PS. The Pieps is the other one I was looking at, but it is stupid expensive up here.


----------



## killclimbz

Yeah, the DSP can be a bit pricey. I have the one without all the bells and whistles (inclinometer and such) and it works great for what I want. A beacon. 

I haven't found anyone who has any experience with it except for the BCA guys. So I have no idea. I also wouldn't be surprised if the Tracker 2 does not come out this year. 

If you are looking for an inexpensive 3 antenna beacon, check out the Ortovox D3. I found it to be highly accurate and easy to use. It's basically the same as the Tracker 2 in what they promise. I found the range to be around 40 meters if I remember correctly. Pretty good for a digital beacon. Pinpointing was a breeze with it. I also like the the fact that to put the Beacon on you have to turn it on. Something both the Pieps and Tracker lack. Not sure of the Tracker 2 but I suspect it's the same.

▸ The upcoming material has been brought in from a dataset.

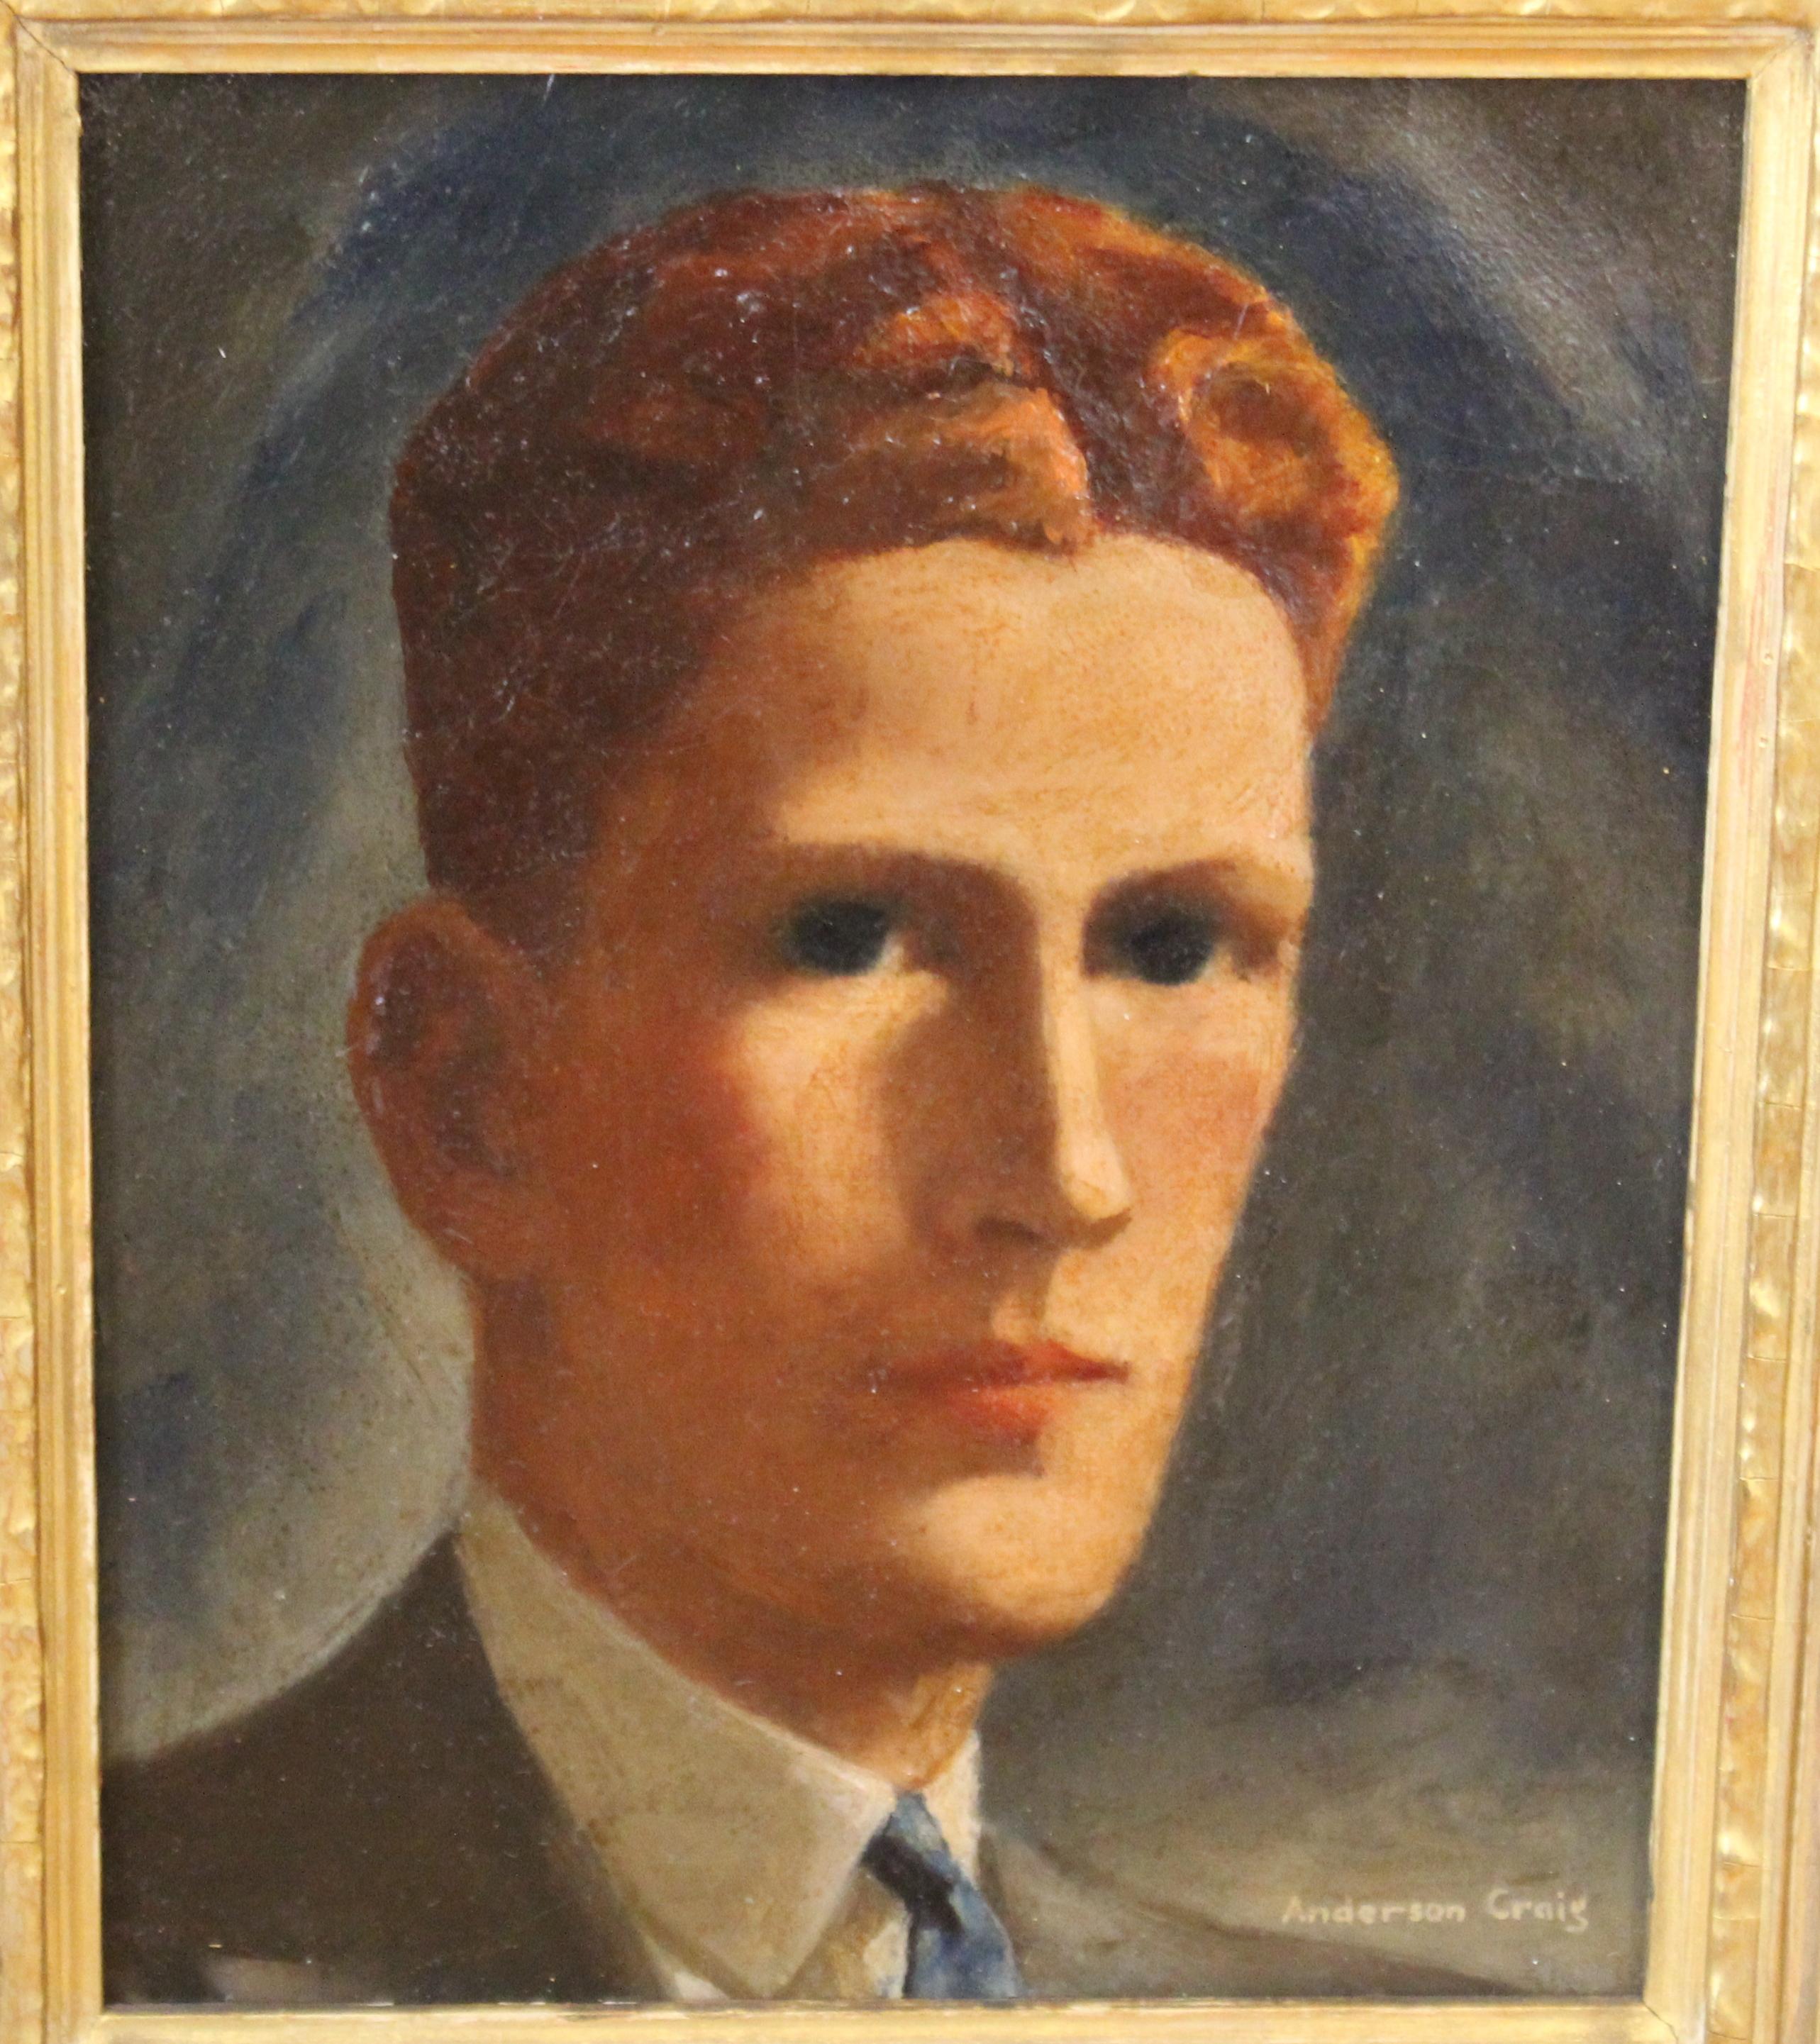 American Gothic style oil on canvas portrait painting of a young man with red hair. The piece was created by Anderson Craig (American born 1904) in the 1930s and is signed by the artist in the lower right corner.
Framed in a Newcomb-Macklin Co.

Too many times I have gone out with people that have forgotten to turn on their beacon. I've also left my Pieps on for a week. I was impressed though the batteries were only drained to 70% after 6 days of being on. If you find the Tracker 2 to be on infinite back order, you might consider swapping for that one.


----------



## Zee

My only hesitation on the D3 is the poor review on beaconreviews.com
If they work out the kinks though, I would probably go for it if the Tracker 2 doesn't materialize.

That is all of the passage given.